= Dataset excerpts =
Content starts

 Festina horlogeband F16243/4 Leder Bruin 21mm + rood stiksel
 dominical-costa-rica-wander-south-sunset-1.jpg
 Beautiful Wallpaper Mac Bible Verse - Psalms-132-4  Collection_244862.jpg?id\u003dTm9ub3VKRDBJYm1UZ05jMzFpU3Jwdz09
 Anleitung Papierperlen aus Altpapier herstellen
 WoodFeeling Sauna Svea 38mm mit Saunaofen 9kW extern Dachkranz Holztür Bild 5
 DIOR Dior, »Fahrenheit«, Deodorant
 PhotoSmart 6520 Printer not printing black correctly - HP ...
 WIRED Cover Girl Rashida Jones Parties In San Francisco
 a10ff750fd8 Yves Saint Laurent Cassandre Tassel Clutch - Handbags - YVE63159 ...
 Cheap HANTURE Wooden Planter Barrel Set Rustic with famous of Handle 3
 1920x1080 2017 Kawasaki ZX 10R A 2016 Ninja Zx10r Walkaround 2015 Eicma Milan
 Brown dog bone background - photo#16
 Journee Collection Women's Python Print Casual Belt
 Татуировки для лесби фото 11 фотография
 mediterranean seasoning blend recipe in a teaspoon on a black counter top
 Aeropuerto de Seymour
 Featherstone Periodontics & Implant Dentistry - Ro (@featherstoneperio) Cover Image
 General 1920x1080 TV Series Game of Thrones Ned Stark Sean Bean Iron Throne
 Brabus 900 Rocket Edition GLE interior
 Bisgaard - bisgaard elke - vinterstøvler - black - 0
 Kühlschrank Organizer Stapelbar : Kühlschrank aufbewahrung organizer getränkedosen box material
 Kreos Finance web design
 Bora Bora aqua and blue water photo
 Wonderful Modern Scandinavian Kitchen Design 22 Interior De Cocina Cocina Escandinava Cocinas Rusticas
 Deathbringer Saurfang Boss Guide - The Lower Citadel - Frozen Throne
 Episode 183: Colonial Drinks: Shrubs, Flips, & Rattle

Content ends

= BRIEF =
The first line of the records and every line down to the line with "Bora Bora aqua and blue water photo" must be quoted exactly; leave out all else.

= ANSWER SECTION =
 Festina horlogeband F16243/4 Leder Bruin 21mm + rood stiksel
 dominical-costa-rica-wander-south-sunset-1.jpg
 Beautiful Wallpaper Mac Bible Verse - Psalms-132-4  Collection_244862.jpg?id\u003dTm9ub3VKRDBJYm1UZ05jMzFpU3Jwdz09
 Anleitung Papierperlen aus Altpapier herstellen
 WoodFeeling Sauna Svea 38mm mit Saunaofen 9kW extern Dachkranz Holztür Bild 5
 DIOR Dior, »Fahrenheit«, Deodorant
 PhotoSmart 6520 Printer not printing black correctly - HP ...
 WIRED Cover Girl Rashida Jones Parties In San Francisco
 a10ff750fd8 Yves Saint Laurent Cassandre Tassel Clutch - Handbags - YVE63159 ...
 Cheap HANTURE Wooden Planter Barrel Set Rustic with famous of Handle 3
 1920x1080 2017 Kawasaki ZX 10R A 2016 Ninja Zx10r Walkaround 2015 Eicma Milan
 Brown dog bone background - photo#16
 Journee Collection Women's Python Print Casual Belt
 Татуировки для лесби фото 11 фотография
 mediterranean seasoning blend recipe in a teaspoon on a black counter top
 Aeropuerto de Seymour
 Featherstone Periodontics & Implant Dentistry - Ro (@featherstoneperio) Cover Image
 General 1920x1080 TV Series Game of Thrones Ned Stark Sean Bean Iron Throne
 Brabus 900 Rocket Edition GLE interior
 Bisgaard - bisgaard elke - vinterstøvler - black - 0
 Kühlschrank Organizer Stapelbar : Kühlschrank aufbewahrung organizer getränkedosen box material
 Kreos Finance web design
 Bora Bora aqua and blue water photo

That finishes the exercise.